Question about GT and training parameters

Closed this issue · 4 comments

Hello Yujin,

Thank you for sharing the great work!

I'm confused about the generation of pseudo masks in ground truth and training.

  1. From this issue, some masks of samples in GT are not quite accurate and even complete black. How do you separate them, and why the results of some segmented GT are unacceptable?
  2. I noticed that in your code, you used textures whose shape were like (faces.shape[0], faces.shape[1], texture_size, texture_size, texture_size, 3). What's the mean of three 'texture_size'? And will a bigger texture_size induces better rendered RGB images?

Thanks!

Hi.

  1. The mask here is from the rendered silhouette of the estimated mesh, so if the estimated mesh is not accurate, so will the mask.
  2. We use texture_size=1 for each mesh face, it may get better results if with a more detailed texture for each face (texture_size>1), but I am not sure it helps in this case or not.

@TerenceCYJ
Thanks for your quick reply!

For Q1, why not use an off-the-shelf silhouette separator to preprocess the GT? Some samples in this issue are weird, and using the correct foreground image can give good supervision to the shape of hand and reduce the impact of background.

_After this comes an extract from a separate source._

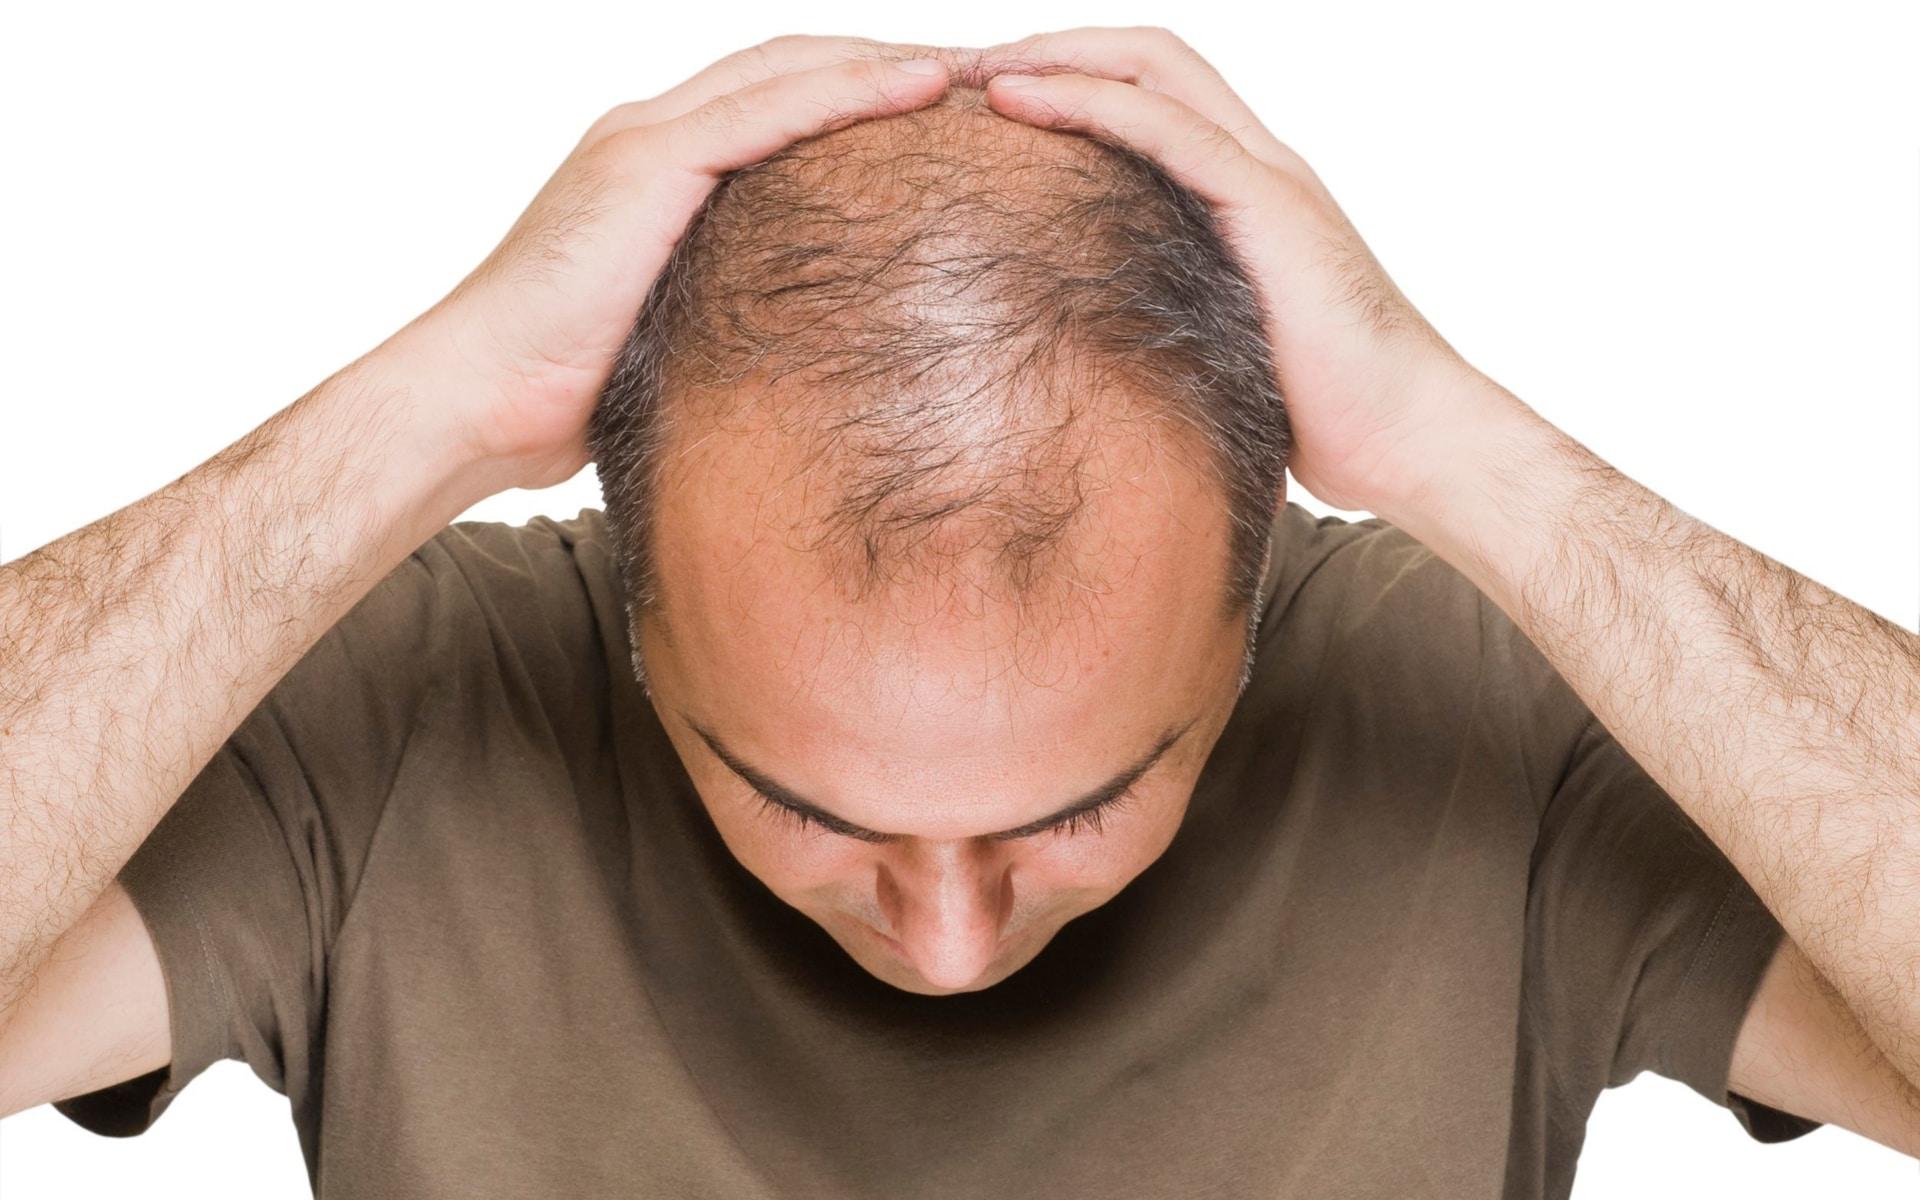 Infoltimento capelli: come ottenerlo in poche semplici mosse

For Q2, do you think the 1*1*1 texture_size is enough for the generation of the rendered RGB image?

Hi.

  1. Yes, I think if the off-the-shelf "silhouette separator" is accurate, then it would be helpful. But I find it is hard to find one. The rendered silhouette can not necessarily be inaccurate if the predicted 3D mesh is good (given the 2D keypoints as supervision).
  2. I think the 111 texture size of each mesh face is enough in our case.

Thanks! I am clear now.